Yesterday, we reported how Jack White slammed Guinness World Records as an “elitist organisation” over their decision to snub his submitted record for ‘World’s Shortest Concert.’
In the same Interview article that he told Buzz Aldrin he wanted to play the first vinyl record in space, White discussed how back in his White Stripes days, he and Meg attempted to set the record for ‘World’s Shortest Concert’ at a show in Newfoundland, Canada in 2007 where they played a single note.
When they contacted Guinness to confirm their achievement however, “they turned us down” confirmed White. Today, Guinness World Records representatives told the UK”s NME that in fact, they didn’t.
“The White Stripes were in fact recognized in the 2009 edition of the Guinness World Records book for the shortest music concert ever when, on July 16 2007, they played just one note at St John’s in Newfoundland, Canada” reports the official records body.
But following a torrent of submissions attempting to trump the record became ‘overly trivialised,’ they subsequently withdraw all categories, including similar attempts at shortest concert, shortest song and shortest performance.
“We received a large volume of applications from bands and performers seeking to beat this record,” said a spokesperson for Guinness, “we got an influx of individuals claiming that simply appearing on stage was enough to qualify them for this record.”
They rebuffed White’s comments of ‘elitism,’ instead stating it had more to do with how Guinness were to qualify what constituted a performance or concert.

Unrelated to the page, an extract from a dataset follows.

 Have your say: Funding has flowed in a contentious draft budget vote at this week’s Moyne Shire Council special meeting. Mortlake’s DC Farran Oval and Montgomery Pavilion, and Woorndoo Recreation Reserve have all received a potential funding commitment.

“It became increasingly difficult for us to measure this objectively” they added. “The nature of competing to make something the ‘shortest’ by its very nature trivializes the activity being carried out, and Guinness World Records has been forced to reject many claims of this kind.”

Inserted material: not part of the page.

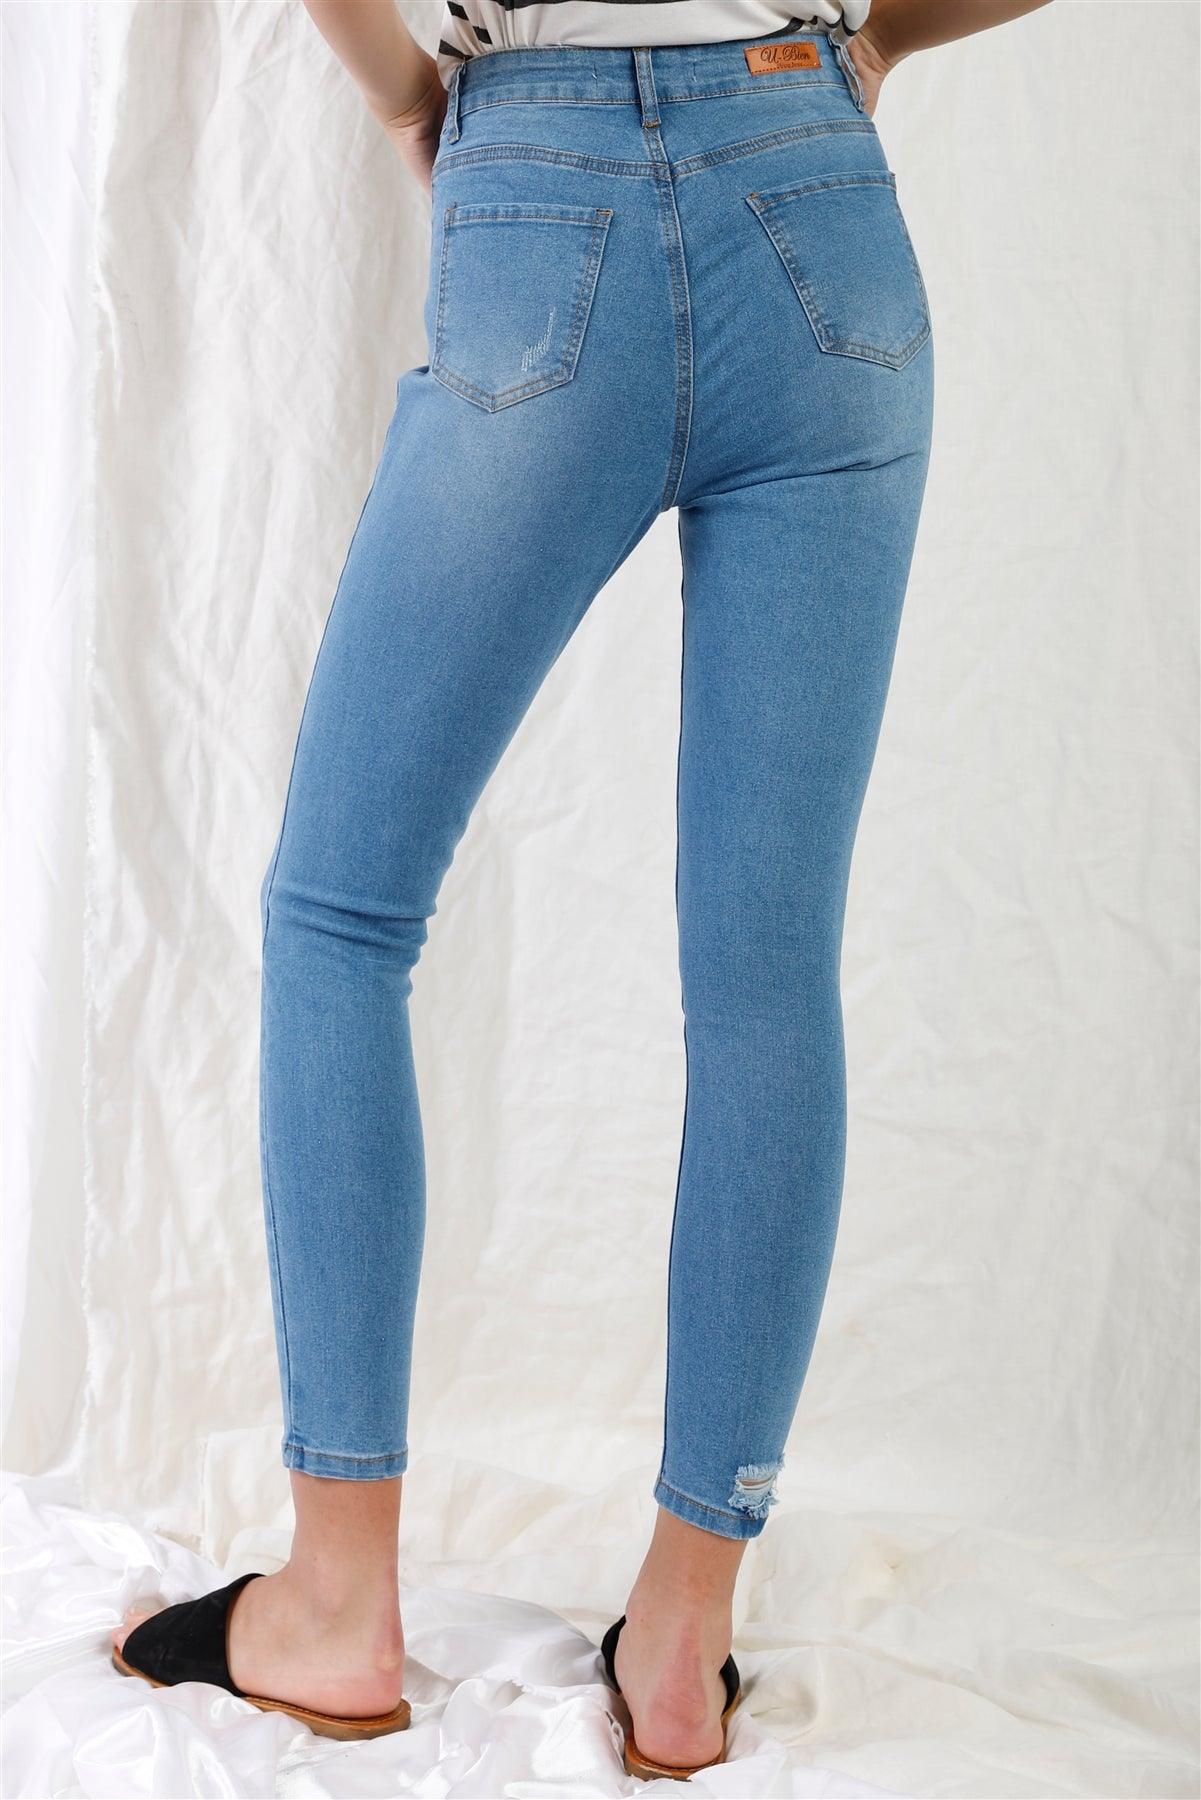 Light Blue High-Waisted With Rips Skinny Denim Jeans /1-1-3-3-2-1-1

“As such, we have closed record categories for similar designations such as the shortest song, shortest poem, and also the record of shortest concert currently in question.”
In a potential peace offering to White, the organisation were quick to add an official statement of praise to the Blunderbuss rockstar, “many of us at Guinness World Records are enormous admirers of Mr White’s oeuvre; and we would be extremely pleased if he were to attempt any of the 40,000 records that are currently active on our database. ”
Perhaps White should take them up on their offer with his secret Third Man project “to have the first vinyl record played in outer space,” and knowing Mr. White’s penchant for the uniquely bizarre, we’re pretty sure he will.